His comments sparked a lively debate about the future of food supplies, and particularly whether the organic food movement was the right tool to lead the industry forward.
"We are at the beginning of major changes in our food culture," said Lord Melchett, putting forward the case for mass conversion to organic production methods.
He fired a volley of statistics at the crowd, including that Tesco's organic food sales grew more than 30 per cent last year and that a third of farmers surveyed said they would consider switching to organic.
Organic methods, he said, could help solve some of the major challenges we face on climate change because they produced less carbon emissions. "Climate change is one of the biggest threats to our health as a species."
Other panellists invited to speak at the debate agreed the food industry must learn a new language based on environmental awareness, health and quality.
But they were not so convinced about Lord Melchett's belief in organic food.
"Consumers understand that responsible food is not just about organics," said Sir Stuart Hampson, chairman of the John Lewis group, which owns the Waitrose retailer.
"What we've got to do is give information to consumers, and encourage them to recognise that good food costs more but that it's well worth the difference."
Educating consumers about food and the choices available formed a major part of the debate.
Prue Leith, who chairs the School Food Trust, said this did not necessarily mean an organic food revolution along Lord Melchett's lines. She advocated "freshly cooked, wholesome, good food. But I don't mind if it's organic or not," to the applause of several sections of the audience.
More British consumers, and especially those from poorer areas, should be taught how to make and appreciate a well-cooked home meal, Leith said. "We are buying heaps more snacks and hand-held foods. Food culture is about enjoying food together, not eating it in the streets."
Other panellists thought the higher price of organic food sent a potentially dangerous message to consumers.
Tim Smith, chief executive of dairy group Arla Foods UK, said the extra cost of organic milk made him "concerned that we are implying that [standard] fresh milk and cheese is unhealthy".
As debate heated up, one panellist criticised organic movement principles.
"The organic movement is not taking low incomes seriously, and I speak as a supporter," said Professor Tim Lang.
He added that "organic standards are too weak" on environmental issues, and that the Soil Association was not giving healthy eating enough attention by maintaining high levels of fat and salt in some certified products.
All panellists agreed that the food and drink industry needed to reflect on how it could manufacture and distribute in a sustainable way.
Lang, a respected and somewhat controversial food policy expert, said issues of food security "have only gone away for 60 years", and would return as resources such as oil and water became more scarce.

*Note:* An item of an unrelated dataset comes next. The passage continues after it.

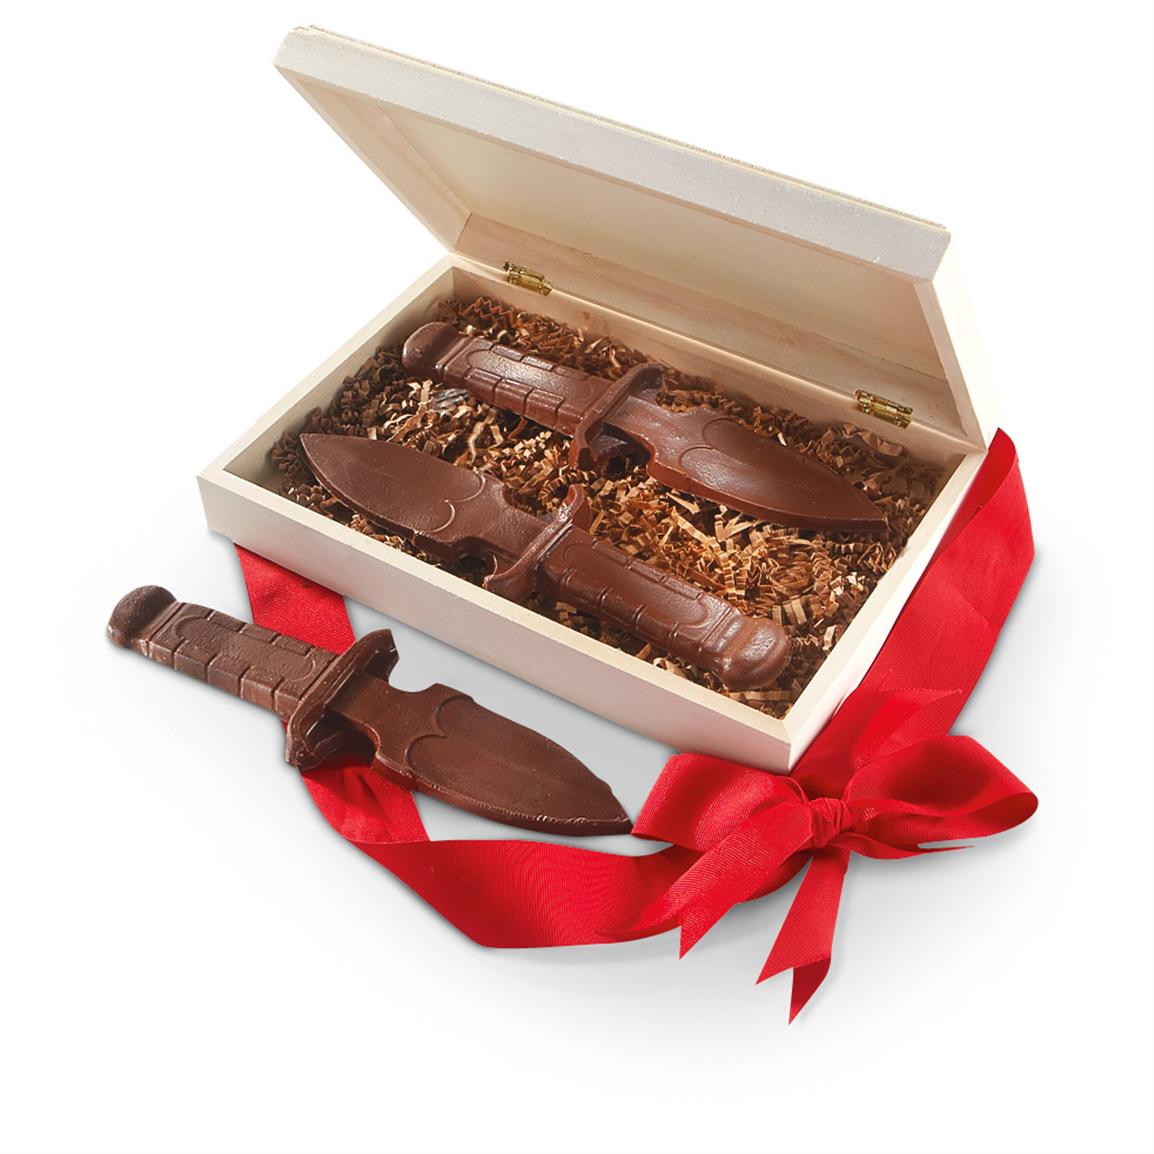 3 Chocolate Knives in Gift Box - 209453, Food Gifts at ...

He added that carbon costs would have to be factored into food prices, referring to an announcement by Tesco head, Terry Leahy, last week that the supermarket would attempt to devise an accurate 'carbon footprint' for each if its products.
Feedback from the debate was mostly positive, although a popular topic of conversation on leaving the hall appeared to be english football, not organic food.
"West Ham won't go down," said one to a colleague. But then, there is only so long one can discuss ways of feeding the future world.